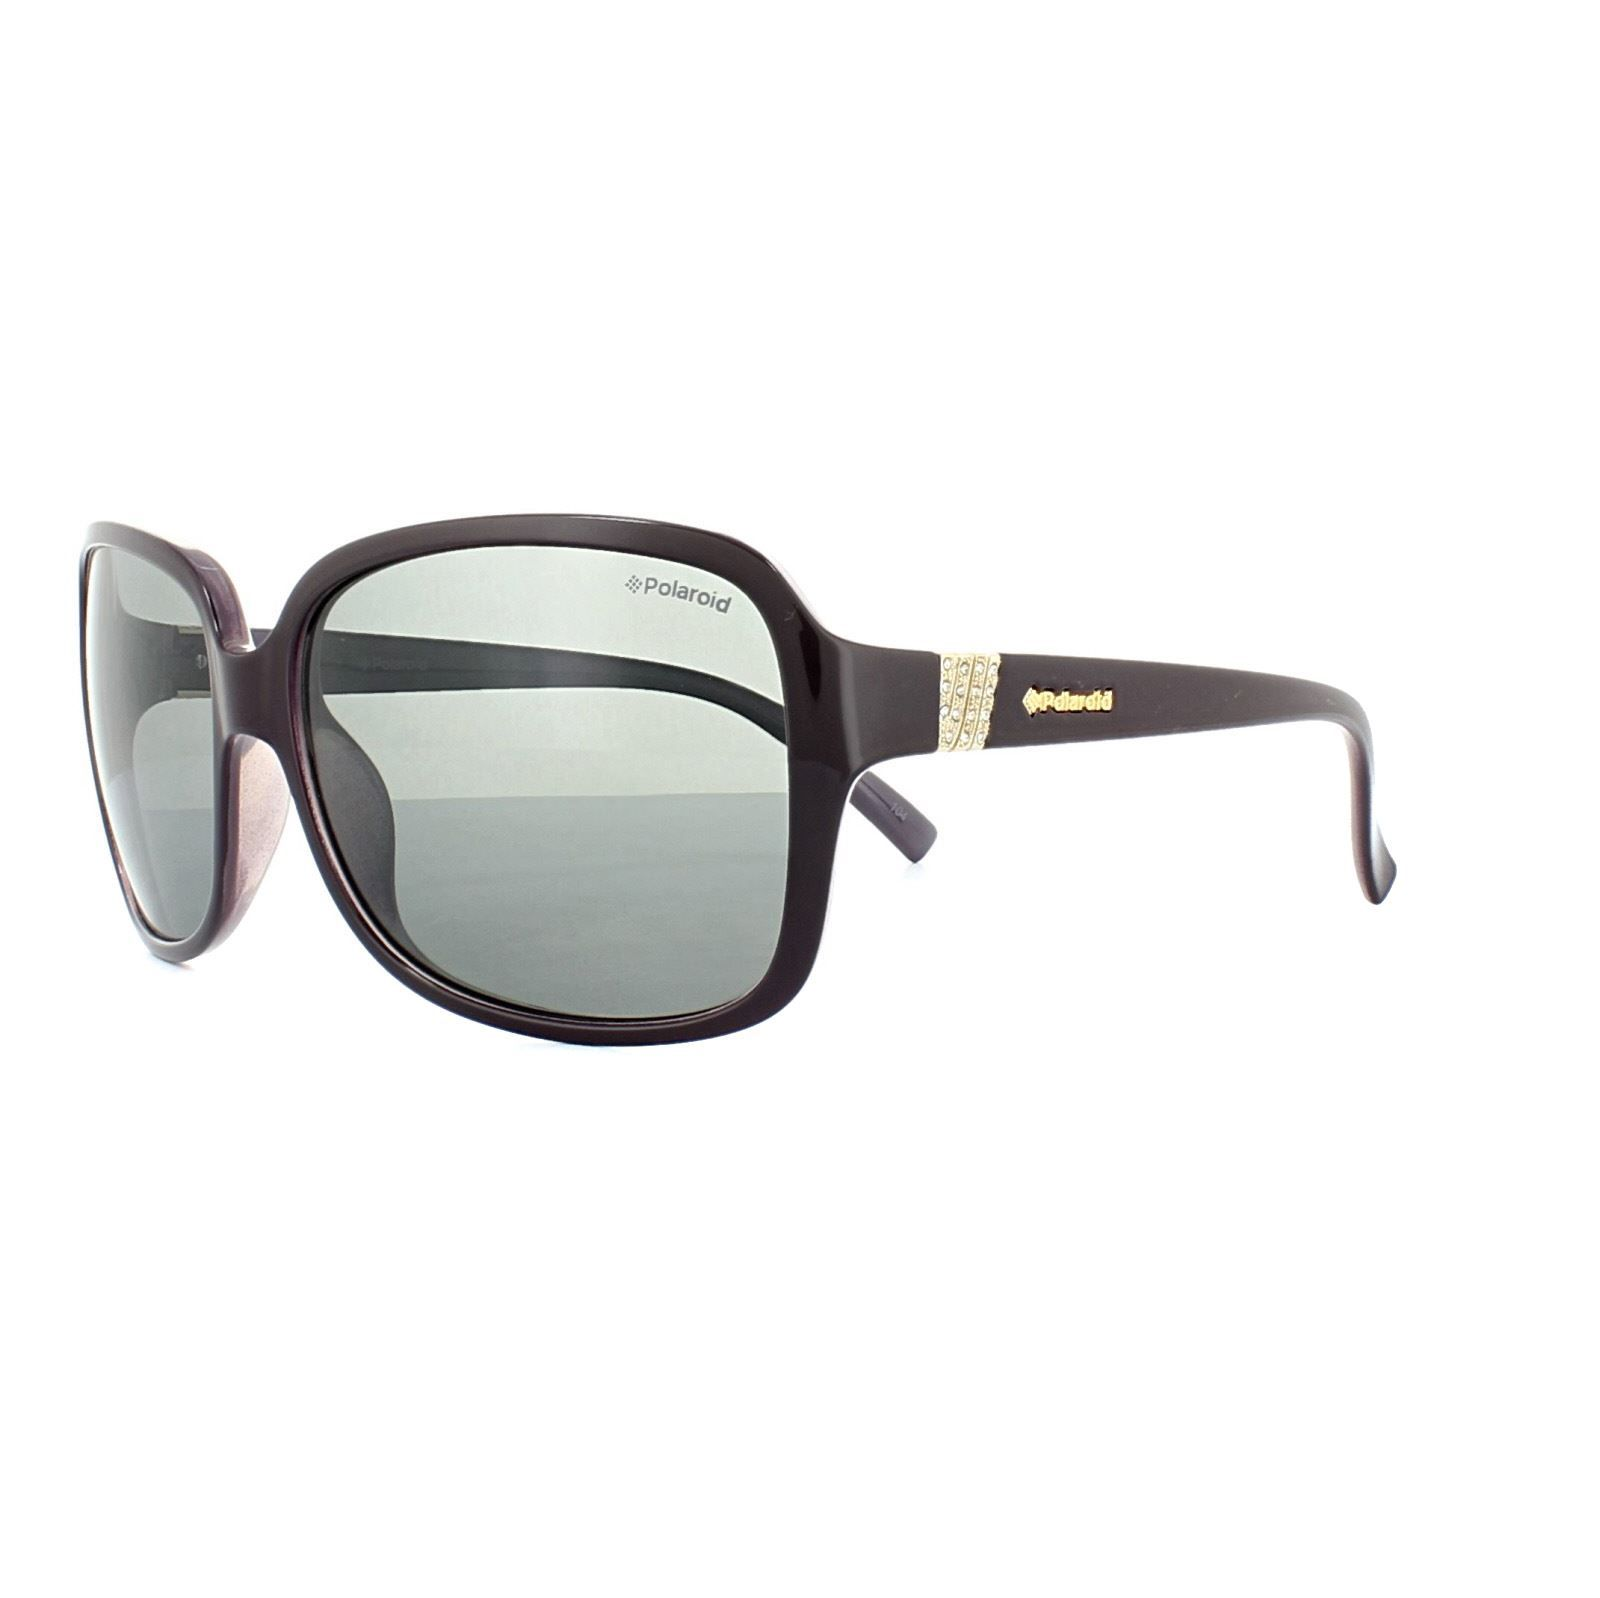 Polaroid Sunglasses 5006/S PUT AH Plum Lilac Grey Polarized
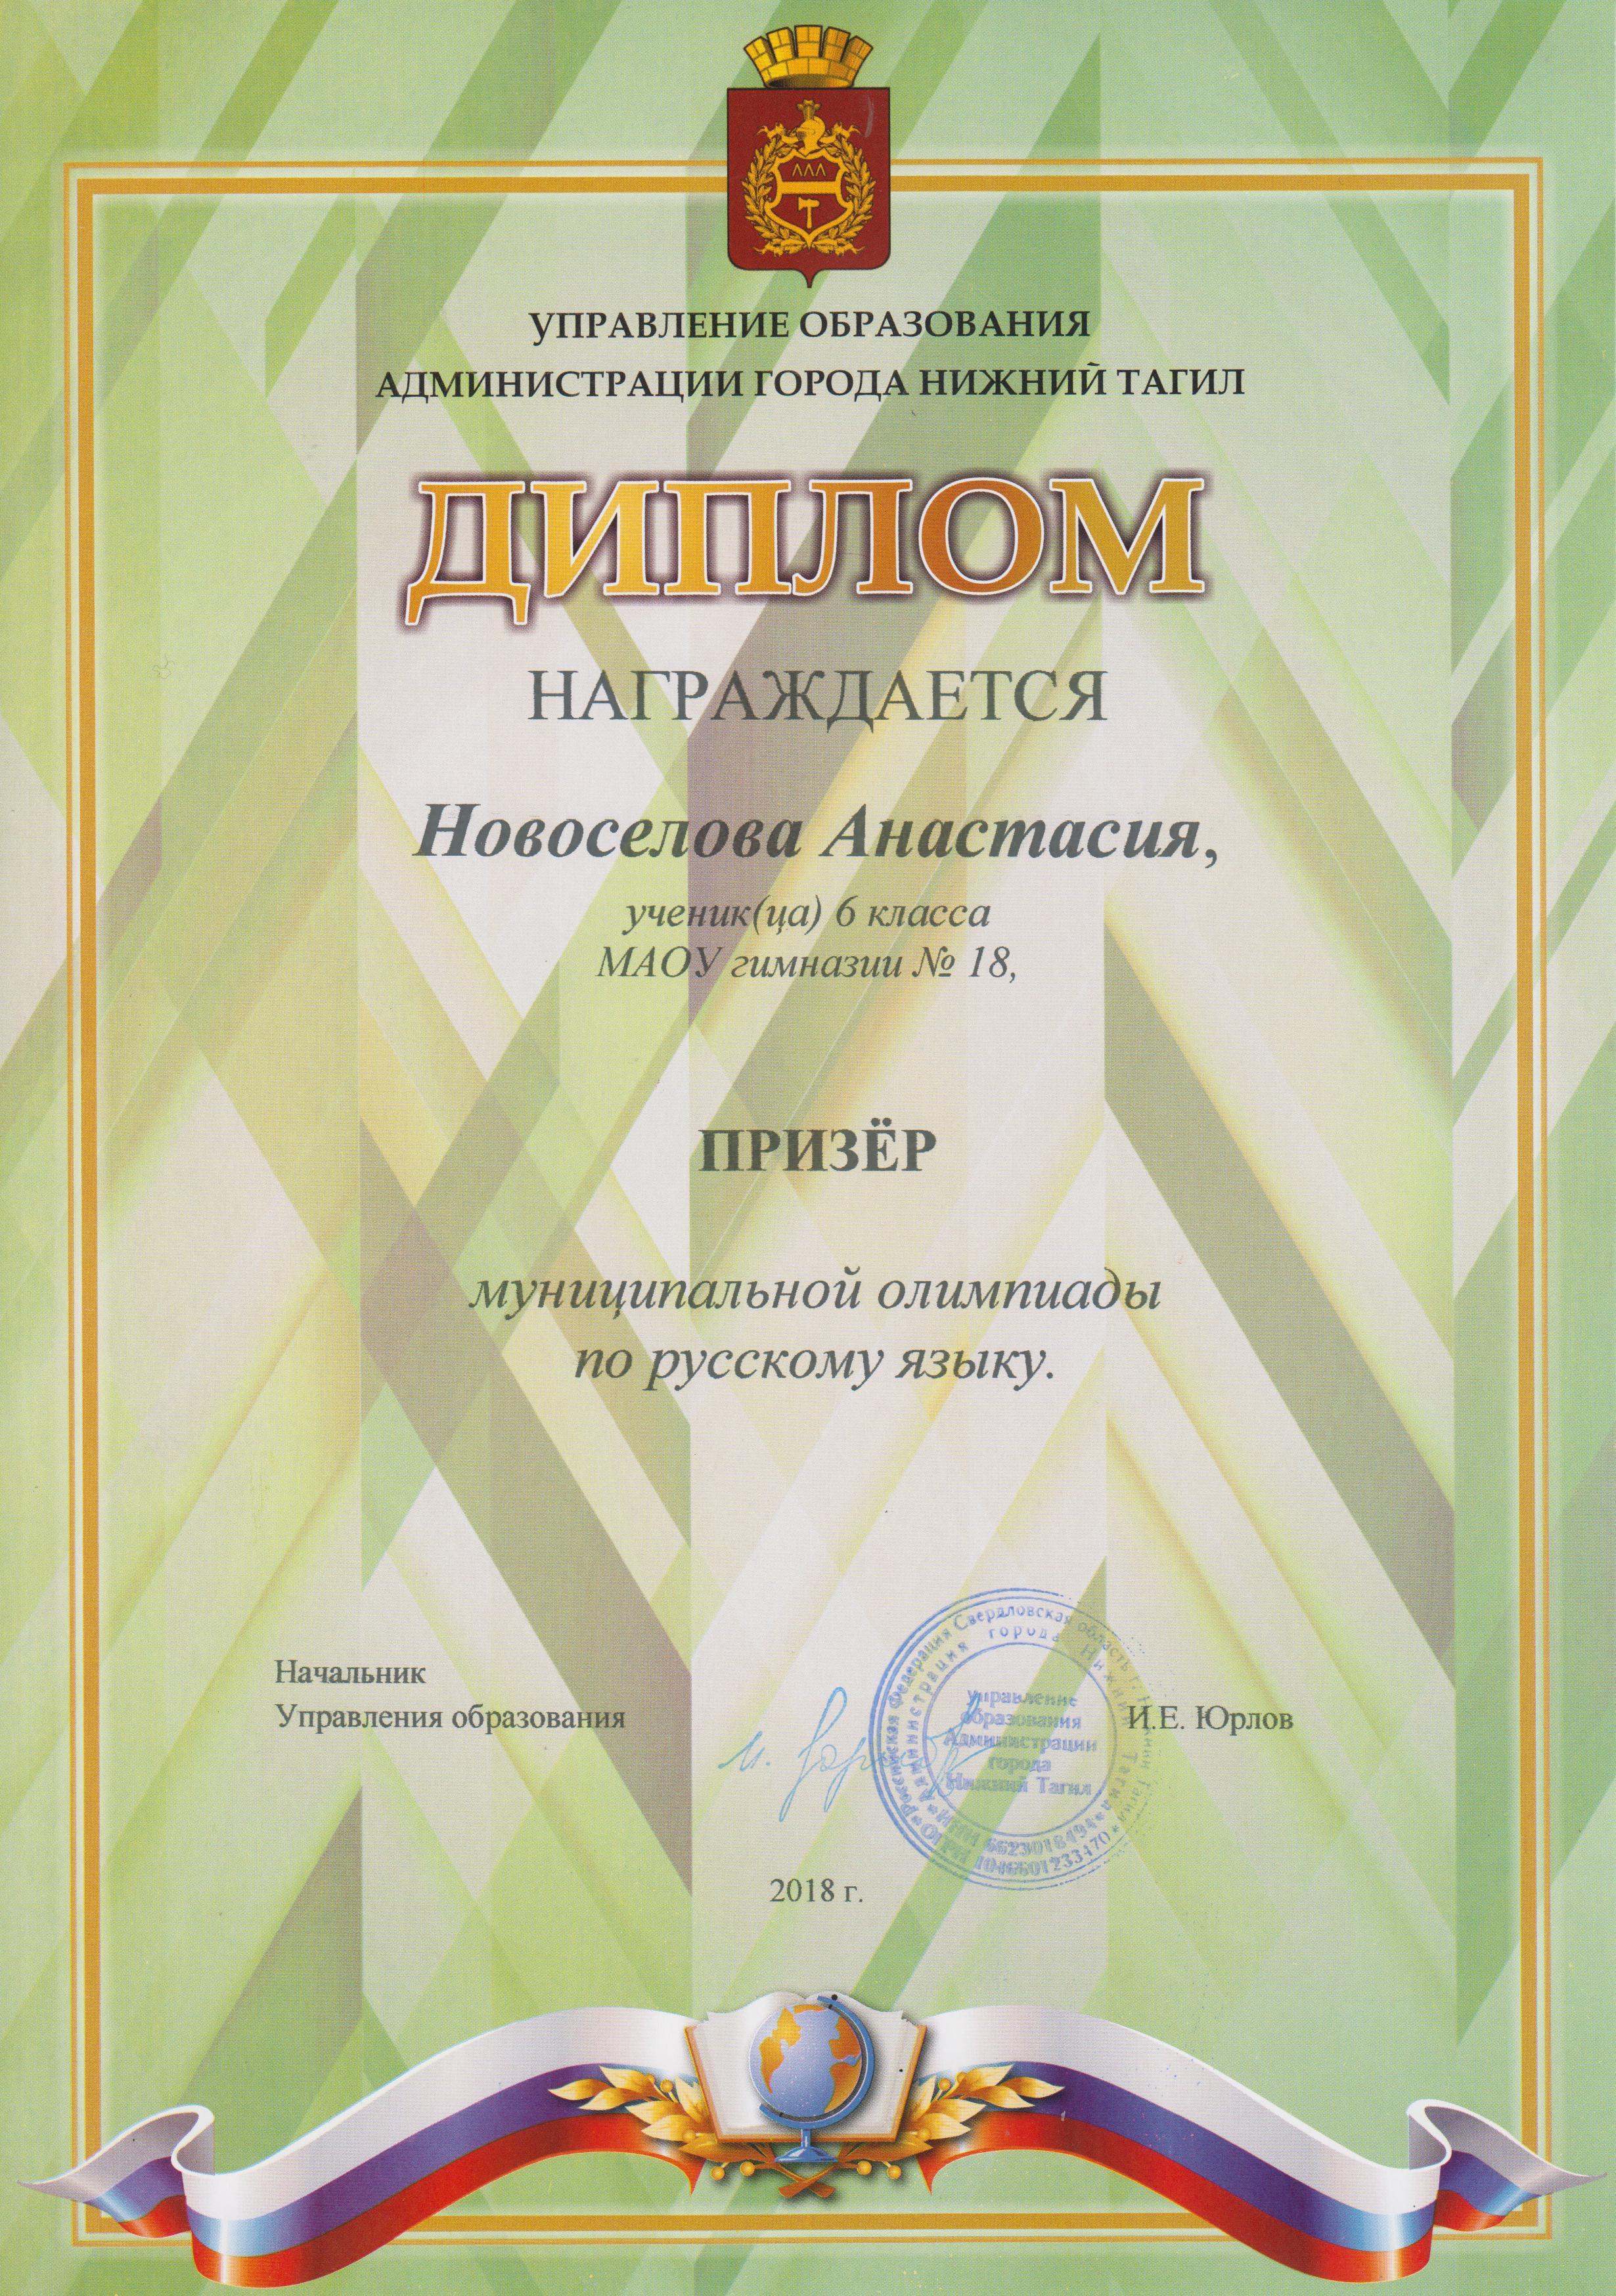 Ол. РЯ. Новоселова. 2018
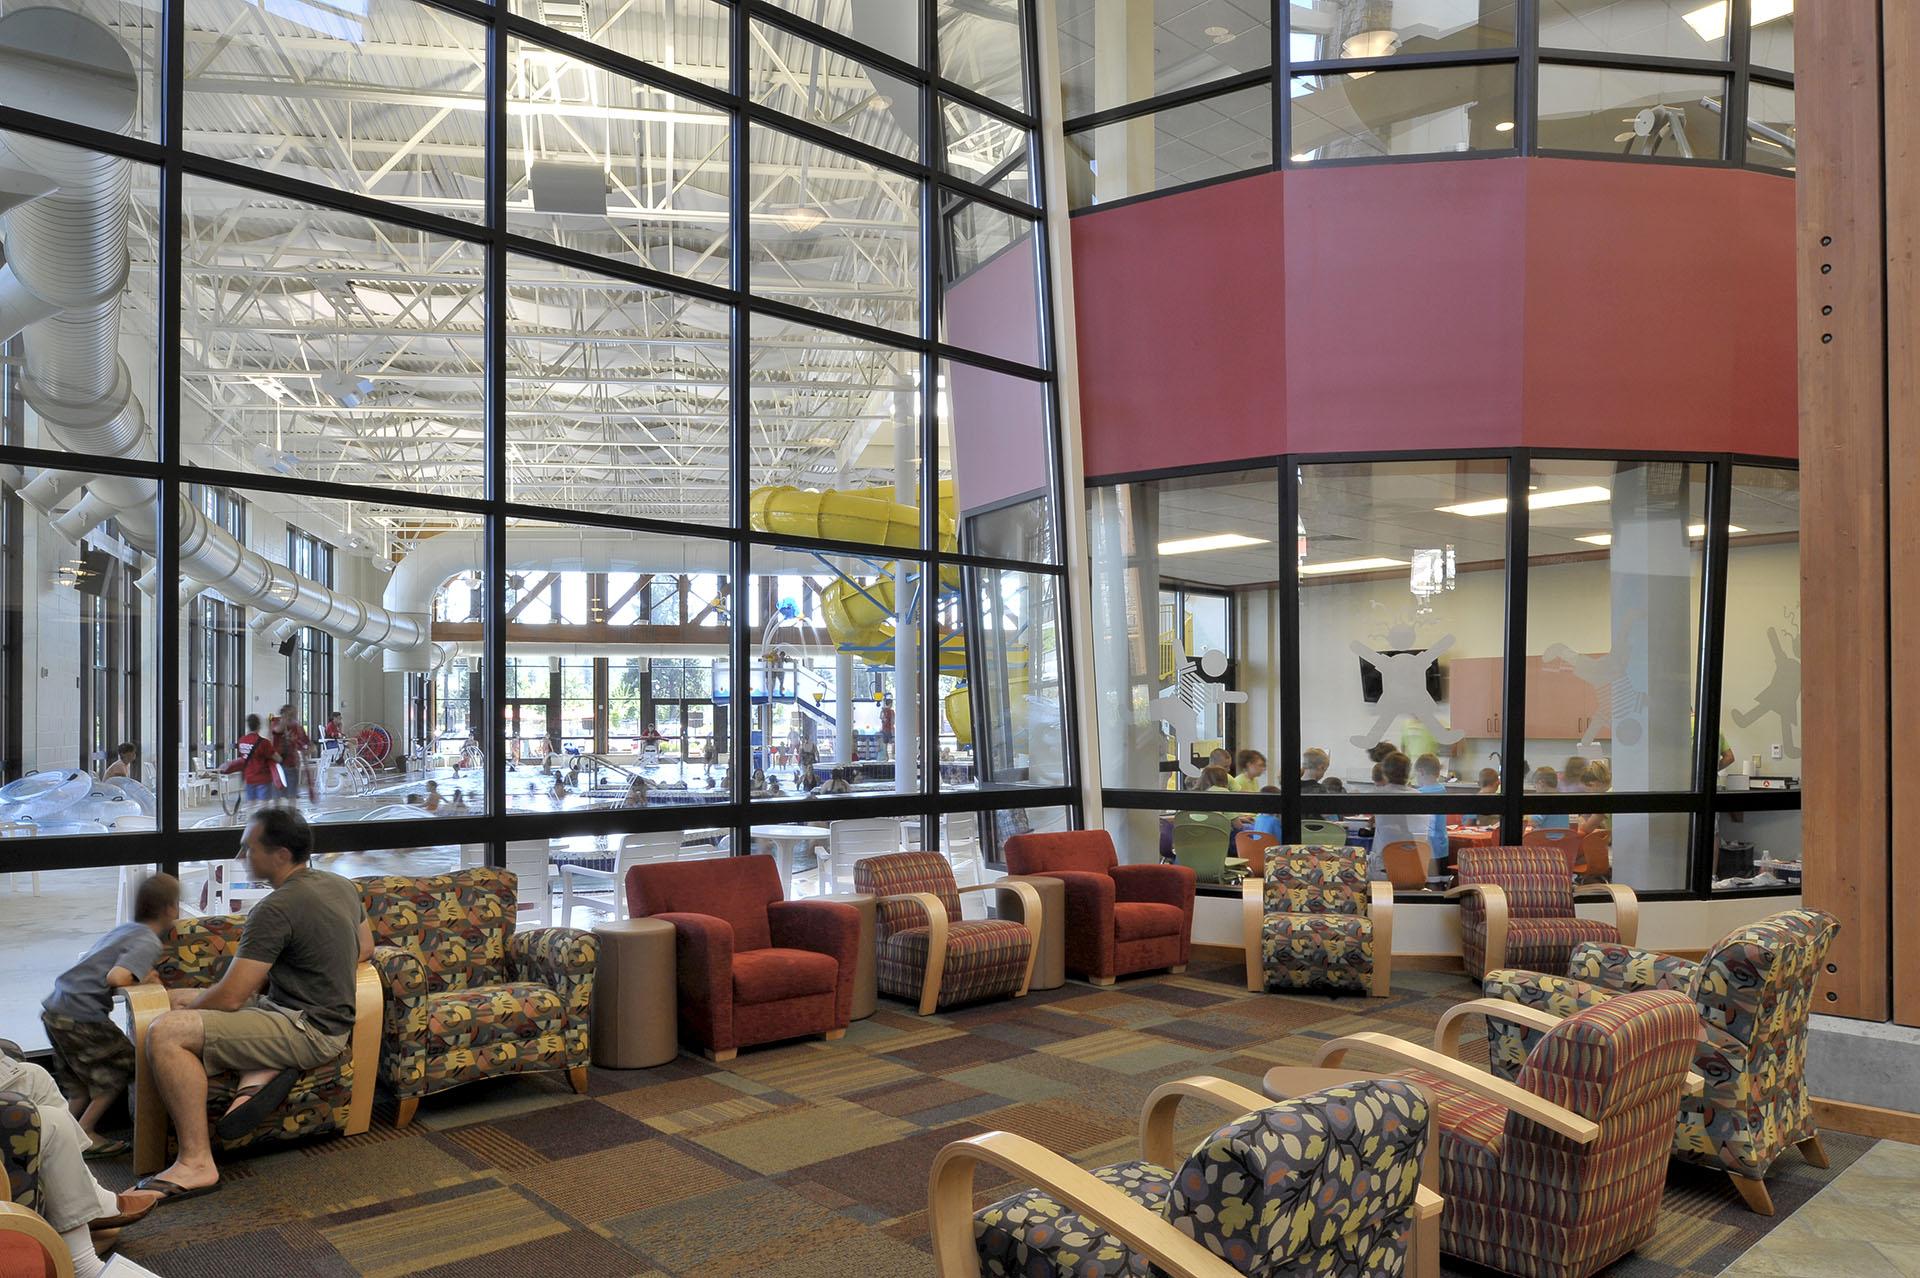 Kroc Community Center Pool Overlook

*Task instructions:* Would you transcribe all of the data exactly, omitting any pictures?

*Answer to the exercise:*
 Polaroid Sunglasses 5006/S PUT AH Plum Lilac Grey Polarized
 Ол. РЯ. Новоселова. 2018
 Kroc Community Center Pool Overlook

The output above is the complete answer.